A Parliamentary select committee is considering a 25,000-signature petition calling for a total ban on the private use of fireworks.
The Fire Service's national advisor on risk management Todd O'Donoghue told the committee this morning that if it did not agree to a ban, there were other measures that could reduce the harms of fireworks.
He said fireworks were being used all year round, not just at Guy Fawkes, and Parliament could introduce restrictions on when they could be set off.
"Just like they're only for sale for three or four days, maybe it's only those three or four days and a week later so that people can celebrate the intent of the Guy Fawkes without storing them away and using them at all sorts of other times during the year."
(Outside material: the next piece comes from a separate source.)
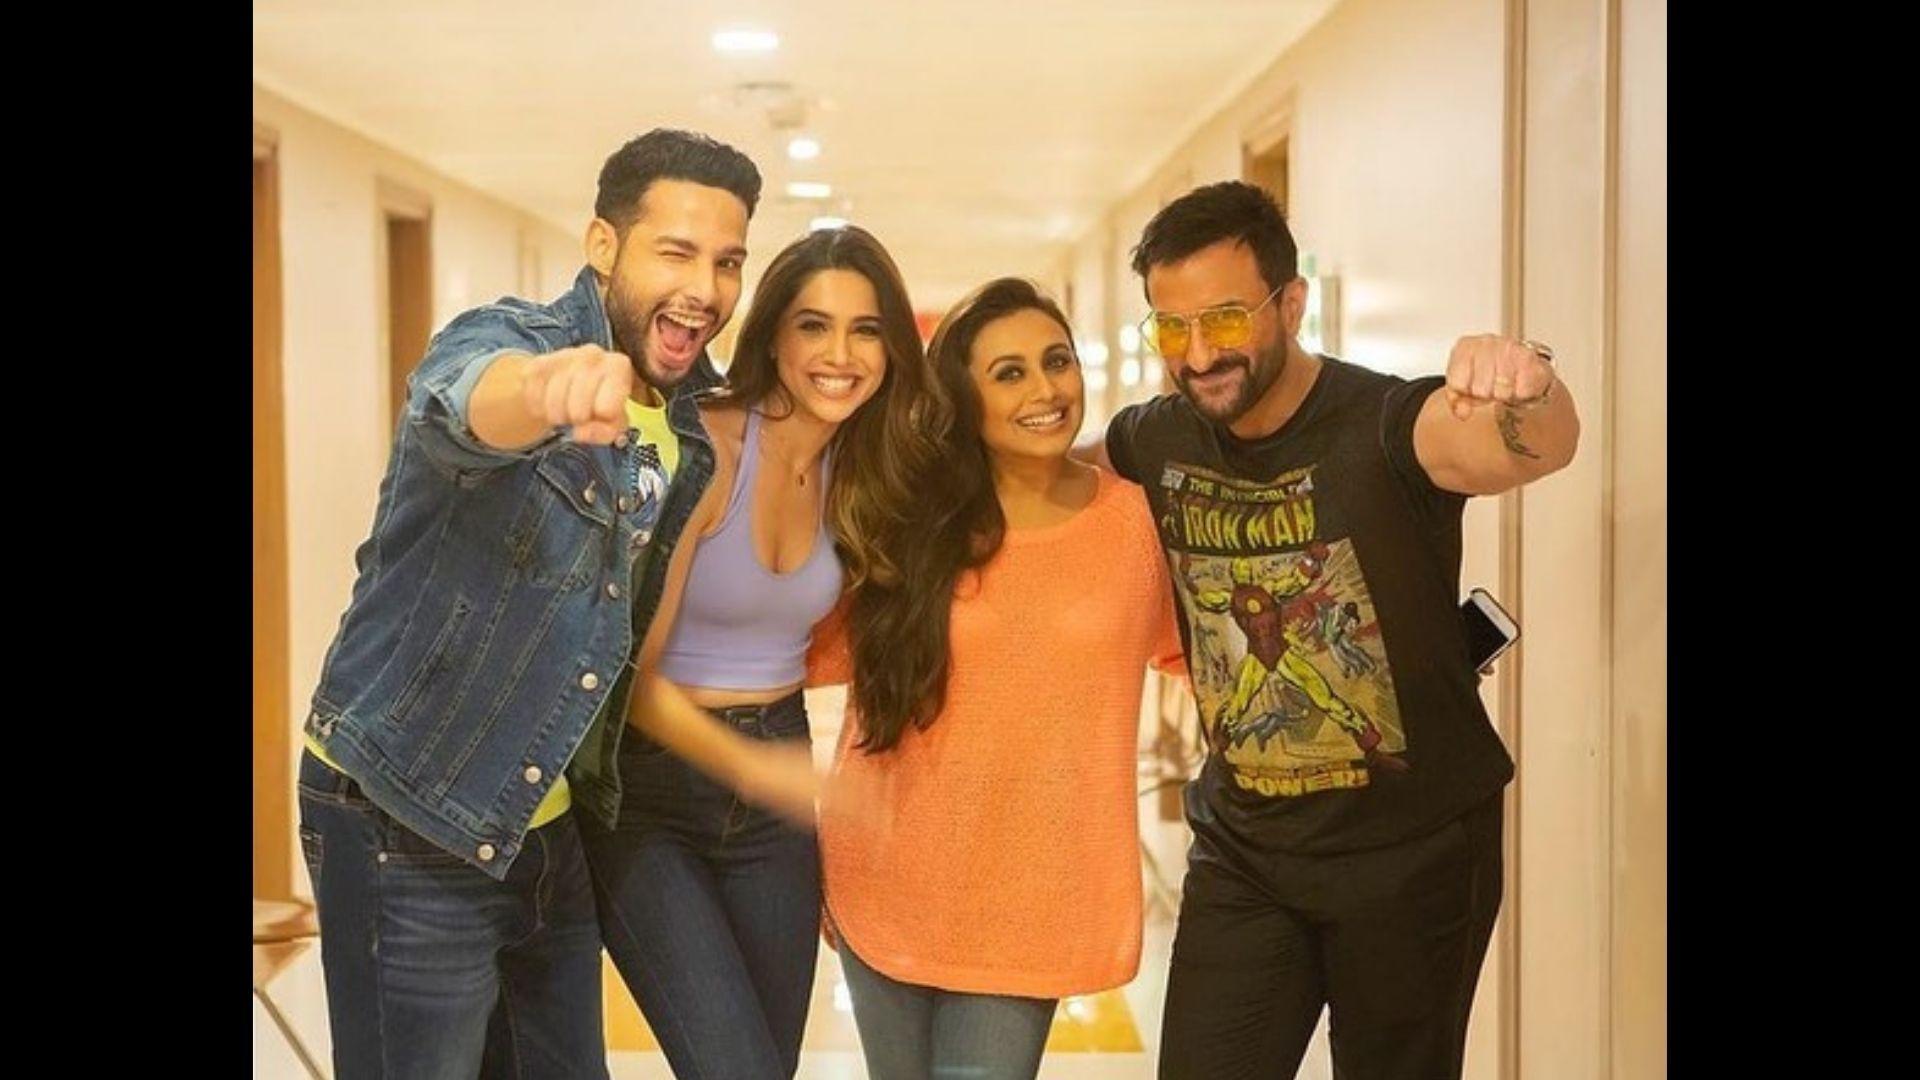 Bunty Aur Babli 2: Saif Ali Khan, Rani Mukerji, Siddhant Chaturvedi And Sharvari Begin Film Promotions; Get Goofy Together

Mr O'Donoghue also suggested a limit on the strength of fireworks. He said there was growing concern about manufacturers making more powerful fireworks, and about the huge heights they were reaching.
"I believe when skyrockets were ruled out in 2007, a lot of ground-based fireworks [began] firing things a lot higher.
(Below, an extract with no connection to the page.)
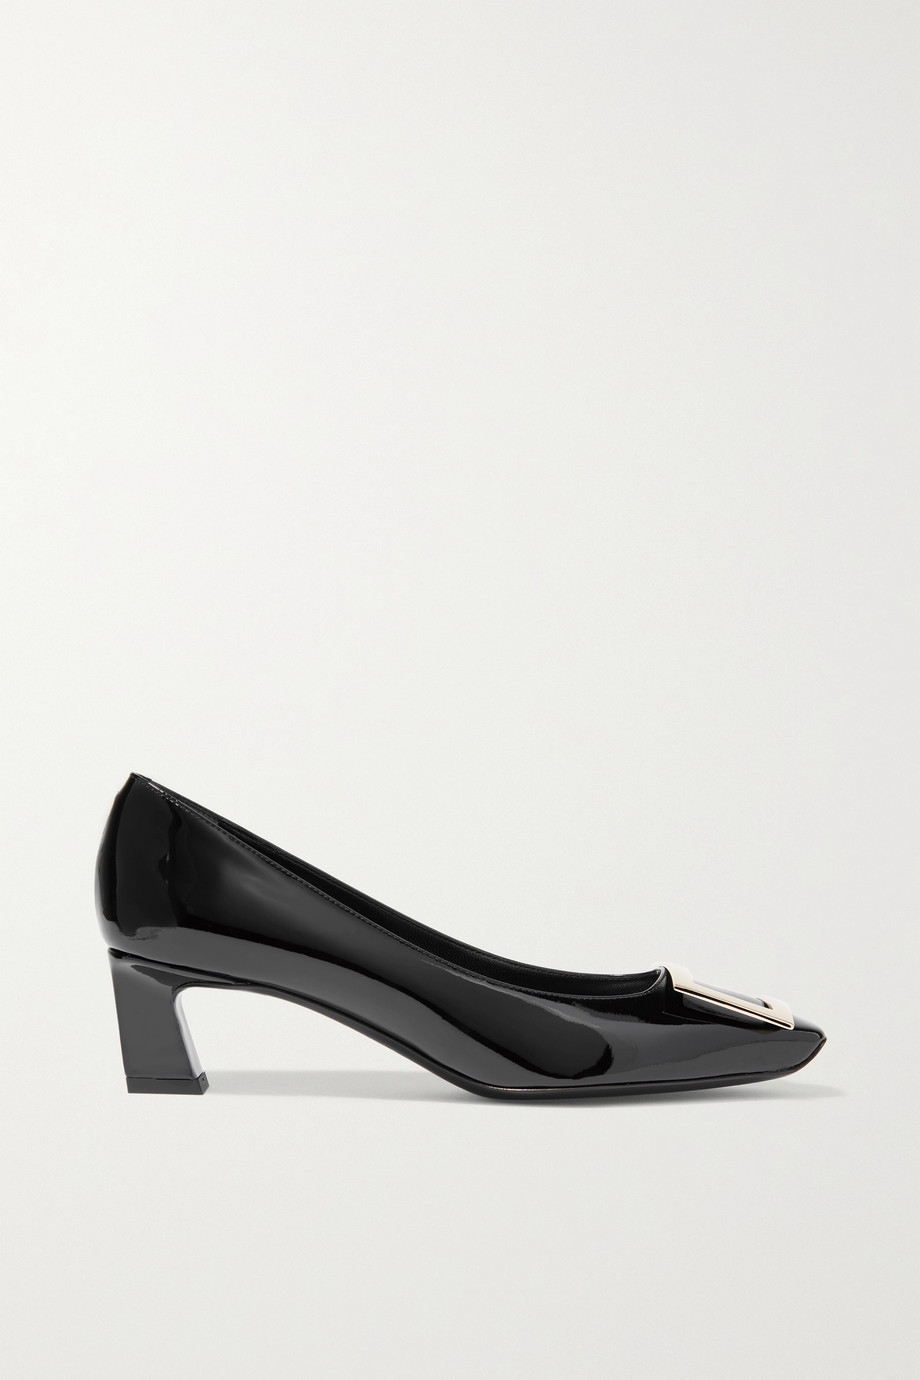 Roger Vivier Decollete Trompette 漆皮中跟鞋

"I think manufacturers have worked on the efficiency of what's in those items to create the visual spectacle that people are missing out on.
He said if fireworks were reaching greater heights then their debris was landing over a much larger circumference.
"Perhaps there could be a limitation even in the height which some ground-based fireworks can fire, and the temperatures that the debris which fall from them can reach."
Mr O'Donoghue said fireworks were misused by a minority of New Zealanders, and it was up to the community to decide whether the responsible majority should be penalised with a total ban.
"I guess my concern is that the minority of people who use them inappropriately are putting at risk the responsible people."
The Fire Service has lobbied for a total ban on fireworks since 2004.
In 2007, the purchase age for fireworks was raised and the period of time for buying them was reduced.
Mr O'Donoghue said between 2006 and 2014, there had been a 59 per cent decrease in fireworks-related incidents.
However, the number of structure fires caused by fireworks only fell by 40 per cent.
"For us, those are the cases where there is a much higher risk to the amount of property loss, the dollar value that this is costing, and also to the well-being of people when they're inside those structures."